The good news is that in vitro studies showed that ascorbic acid, when added to fibroblast cultures from elderly cells, stimulated cell proliferation at the same rate as younger skin cells. Even better: Topical application of vitamin C has been reported to enhance the synthesis of composite elastin fibres and of collagen.
As proposed here, one way vitamin C may stimulate collagen synthesis is by directly and specifically activating collagen gene regulation, both by increasing transcription rate and by stabilizing procollagen mRNA. Another study, published around the same time (1996), points to vitamin C's collagen producing capabilities through its modulation of collagen-synthesizing enzymes and its control of collagen-degrading enzymes like matrix metalloproteinase-2.

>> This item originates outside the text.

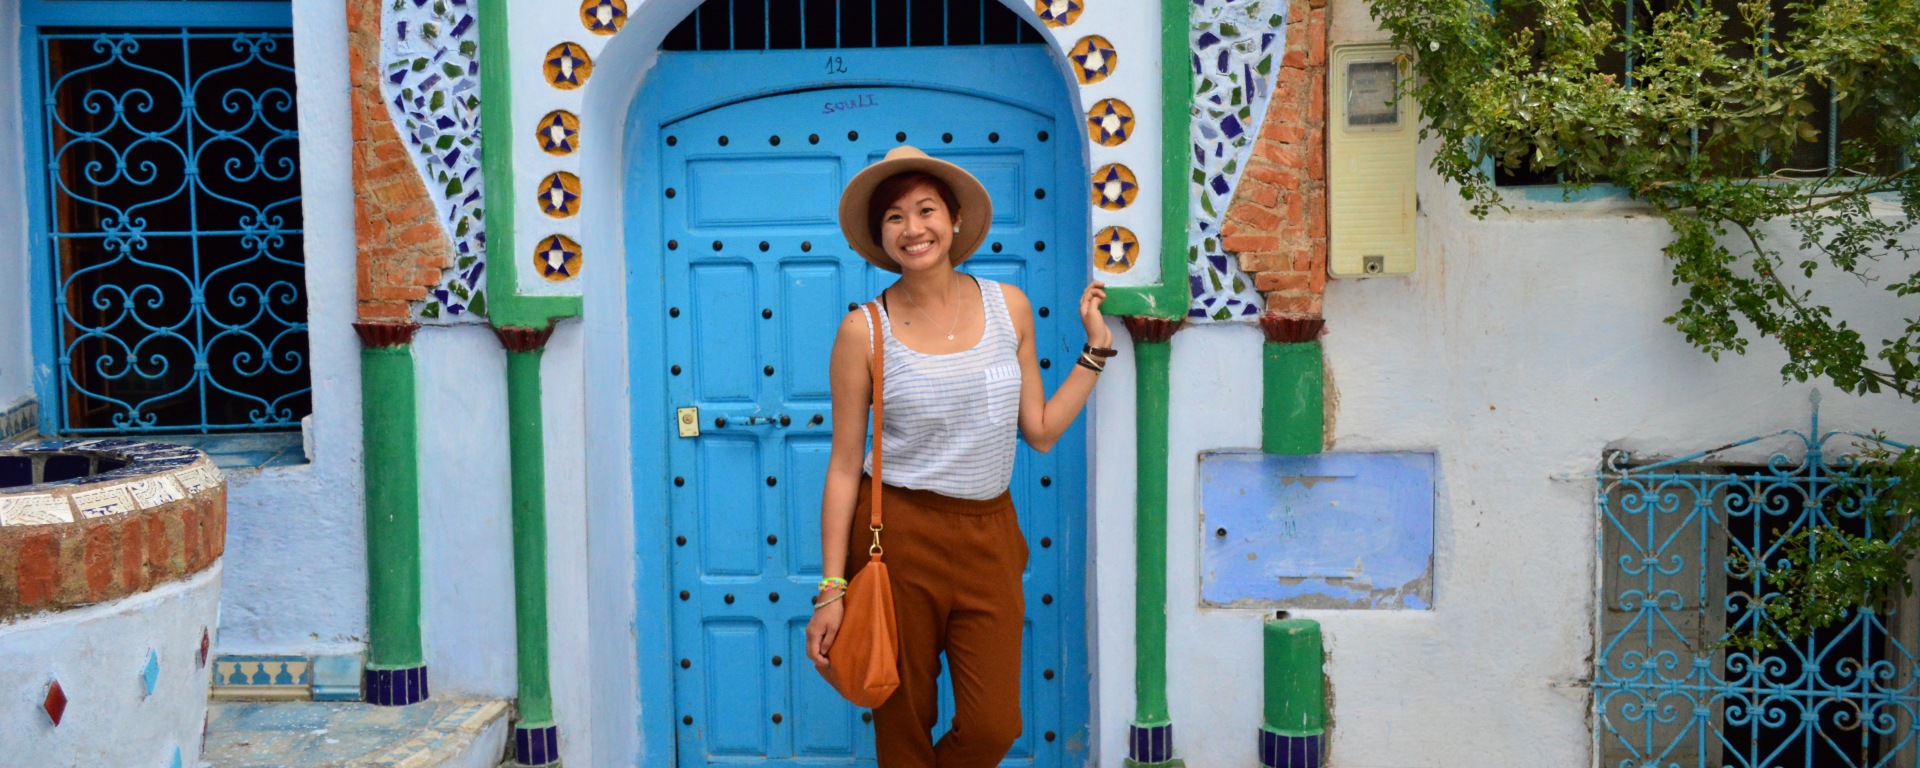 Cassandra in Chefchaouen, Morocco - MissMaps.com Featured Female Traveler

In addition to this, numerous other studies have shown that topical vitamin C may have therapeutical effects for partial corrections of the regressive structural changes associated with the aging process (such as the thinning of skin), perhaps through the mechanism of angiogenesis (the formation of new blood vessels) or by increasing the skin's hydration.
Related Posts:
Part 1: What is it? Vitamin C: An Investigation & Discussion
Part 3: What is it? Vitamin C as L-ascorbic acid
Part 4: What is it? Vitamin C derivatives
July 13, 2015
by lynette mayo
Hi:
I was wondering if you have a replacement for vitamin c. I have dupuyrens disorder. Its not recommended, because it encourages collagen, which worsens this disorder.
I am doing a protocol l found on blog of Dr.J.Wright MD. PABA 2,000 3 x day. E & DMSO externally. Plus iodine. Do you happen to know if Quercetin would do the job? or even liposomal vitamin c. Prior to this l used 4-6,000 mgs of c for immunity !
June 30, 2009
by Acne Treatment Care Jennifer
Ascorbic acid does a lot of things inside and outside the body. It boosts the immune system, protects the cells from free radical damage and it also smooths out the texture of the skin when used topically. I see to eat that i get my daily Vitamin-C from natural fruits juices plus ascorbic acid supplements.